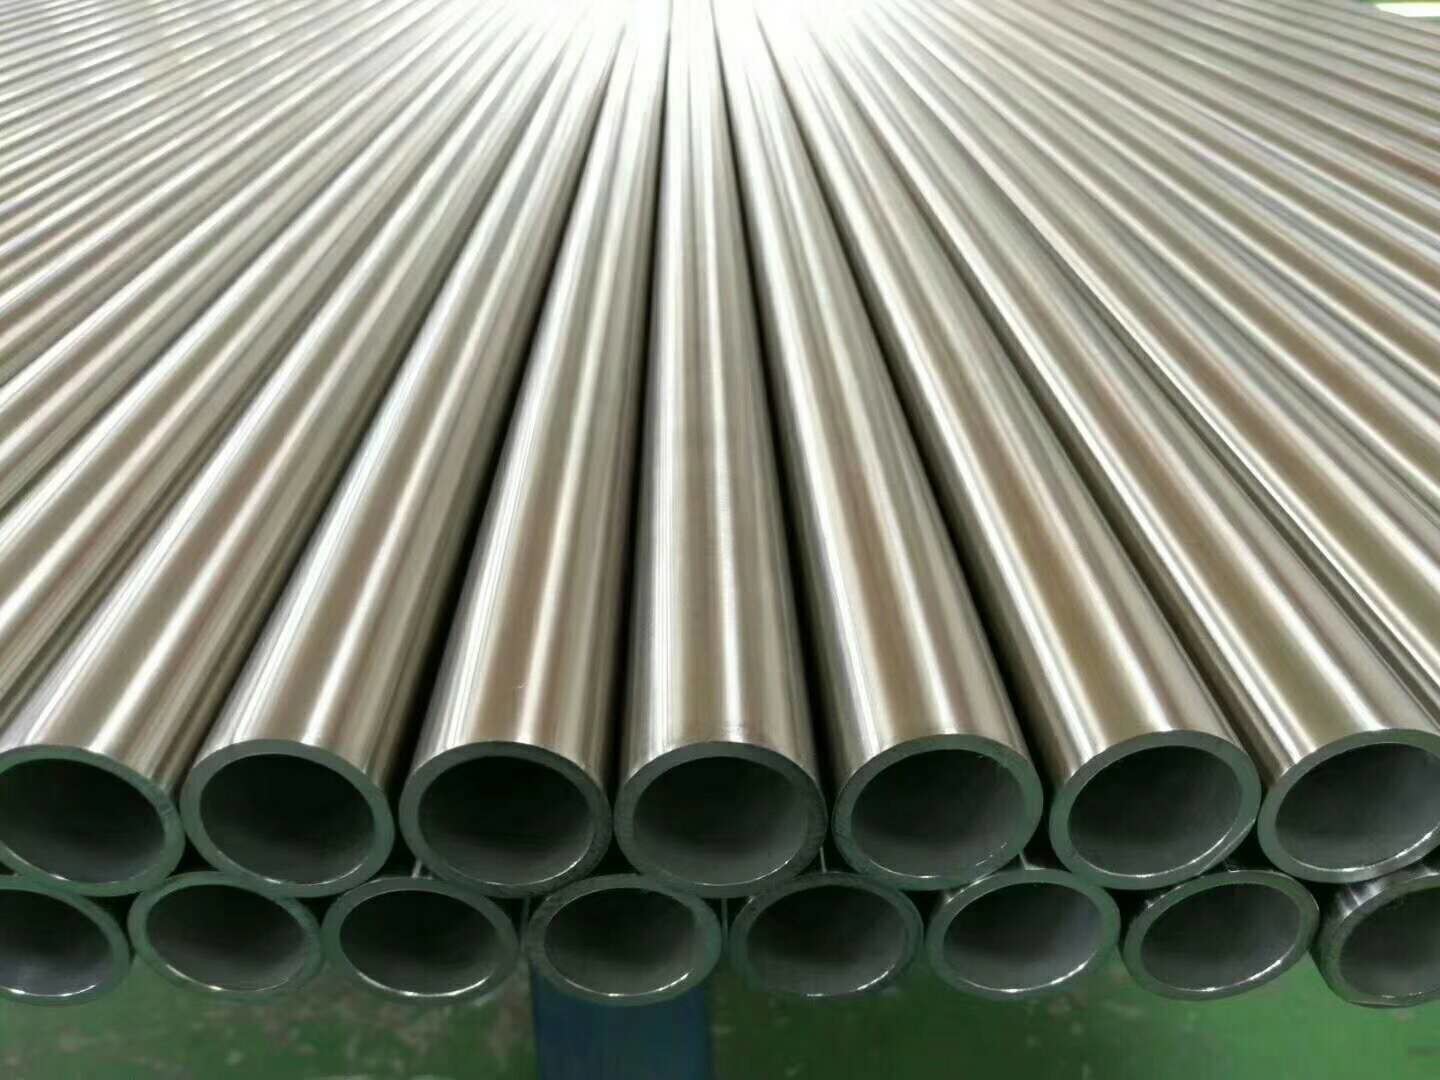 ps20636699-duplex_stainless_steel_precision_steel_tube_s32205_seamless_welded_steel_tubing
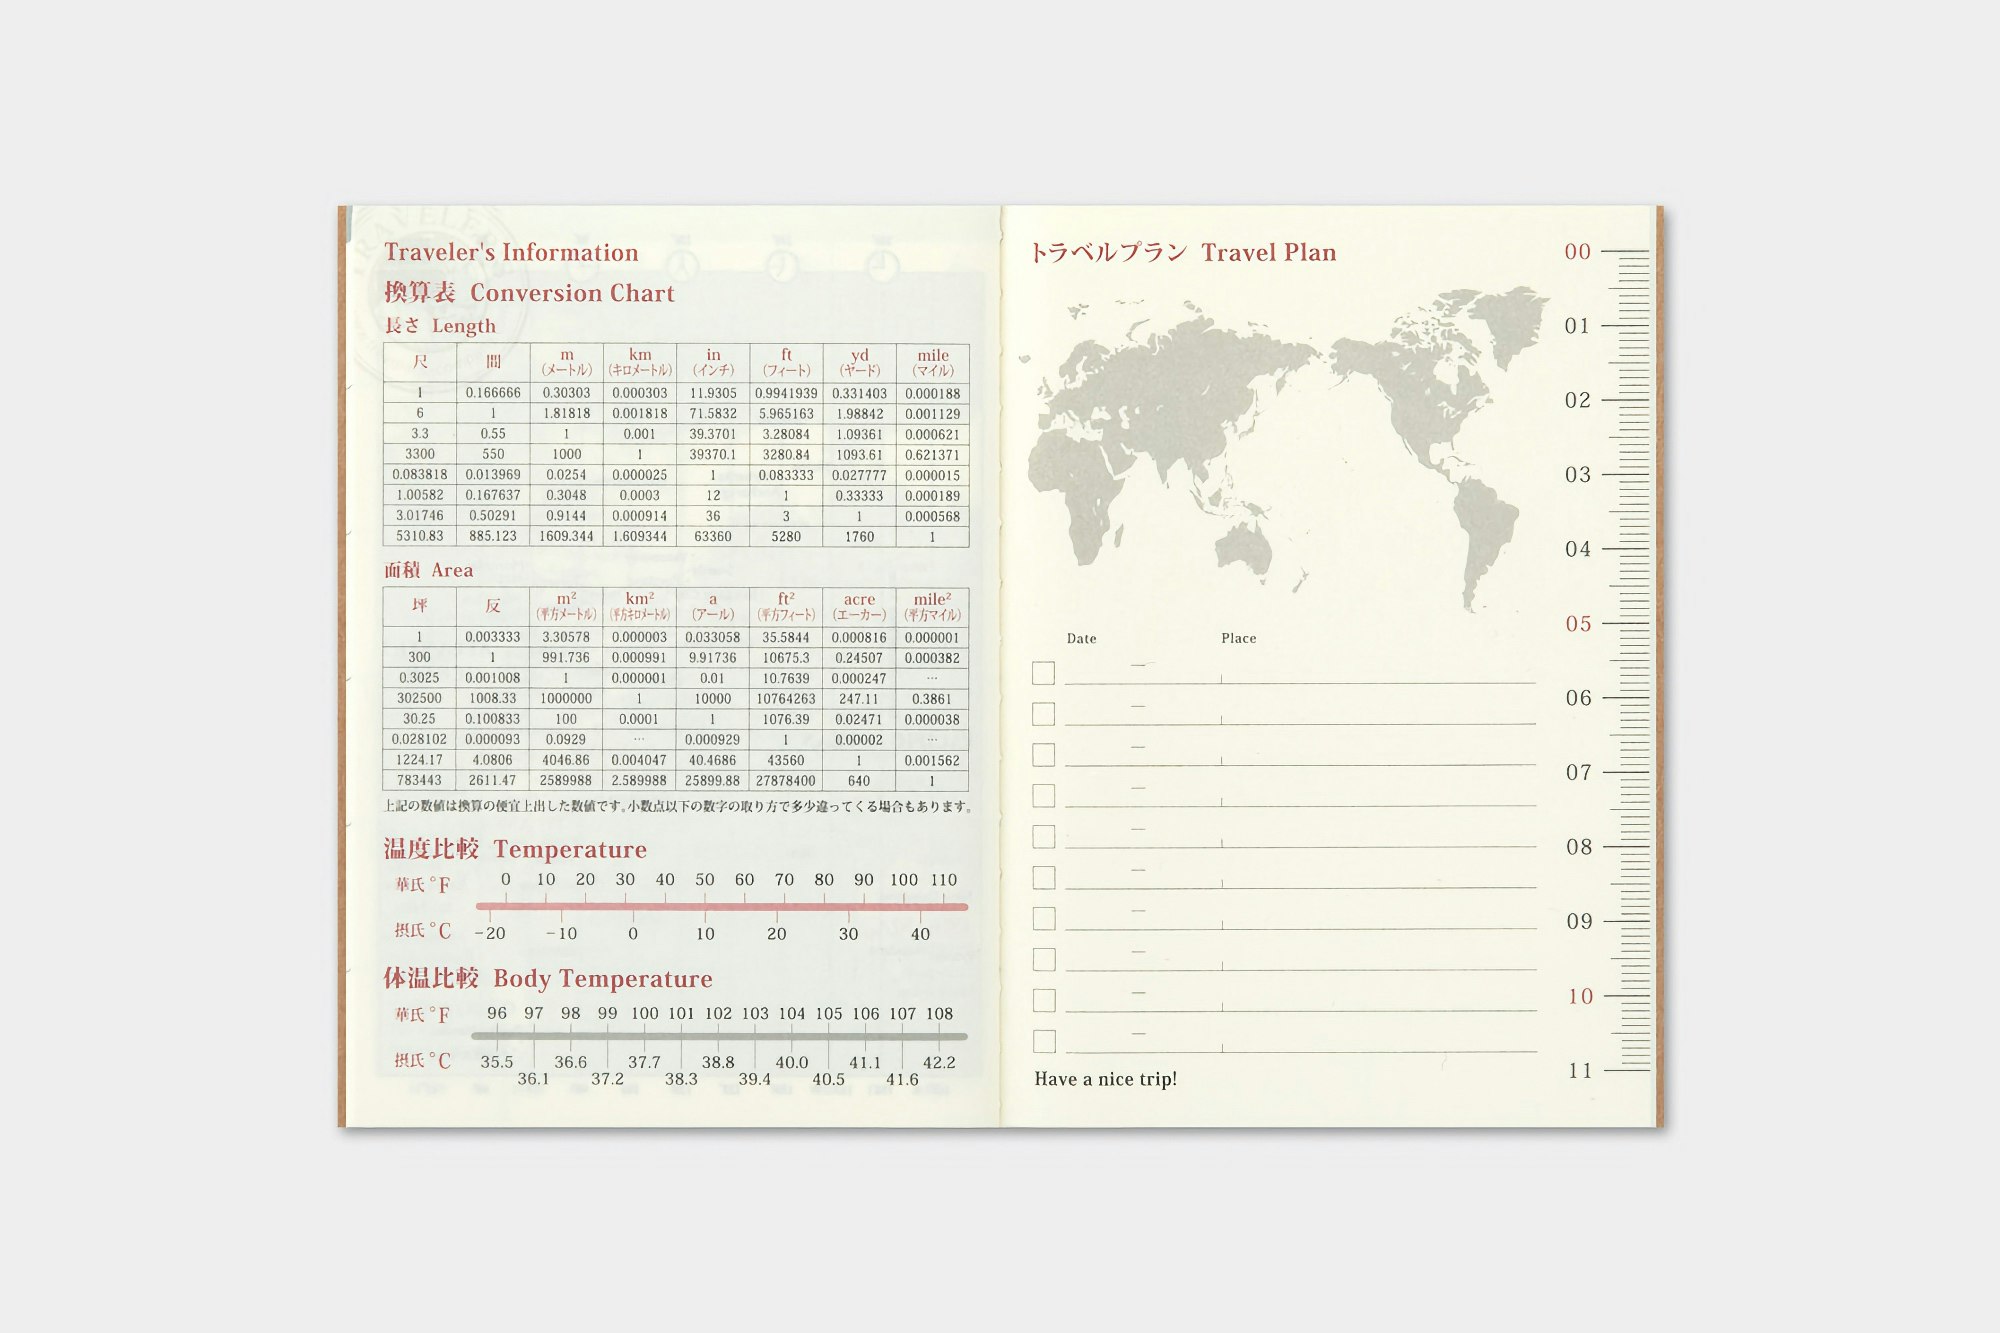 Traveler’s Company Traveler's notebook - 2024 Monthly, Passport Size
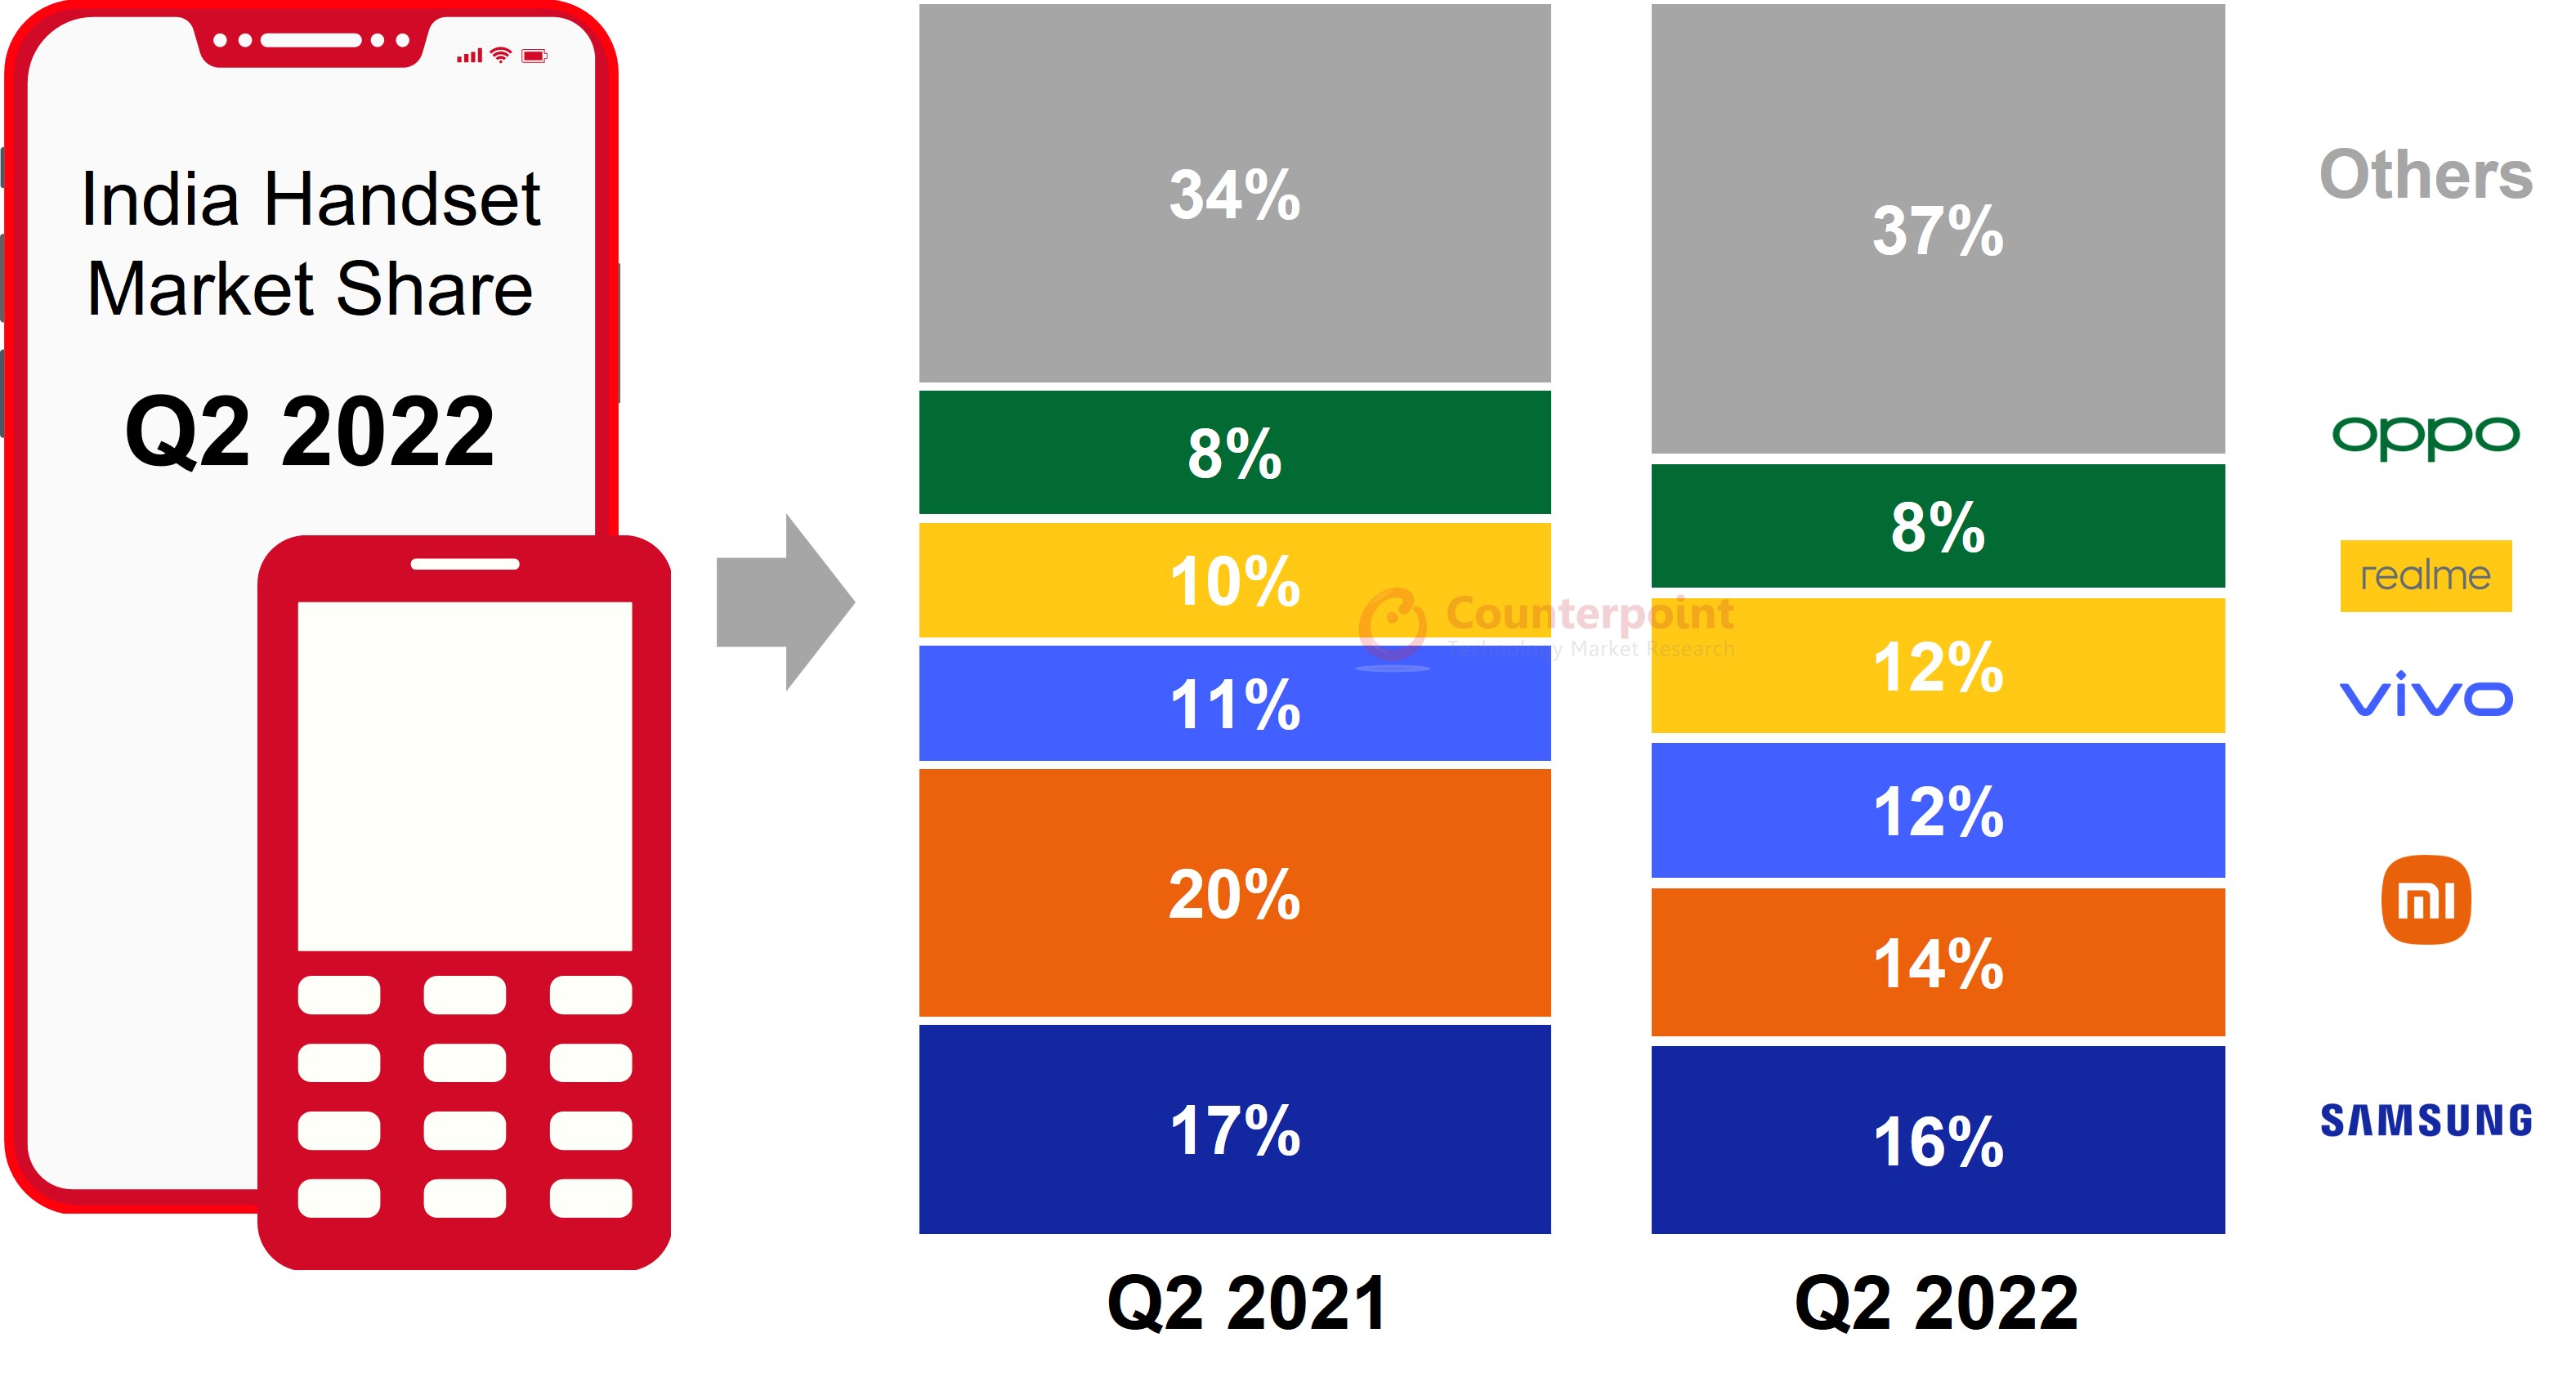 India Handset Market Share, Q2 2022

──────────────────────────────

== YOUR INSTRUCTIONS ==
Would you copy out every line of the data above exactly, minus the pictures?

== ANSWER FOR THIS EXERCISE ==
 ps20636699-duplex_stainless_steel_precision_steel_tube_s32205_seamless_welded_steel_tubing
 Traveler’s Company Traveler's notebook - 2024 Monthly, Passport Size
 India Handset Market Share, Q2 2022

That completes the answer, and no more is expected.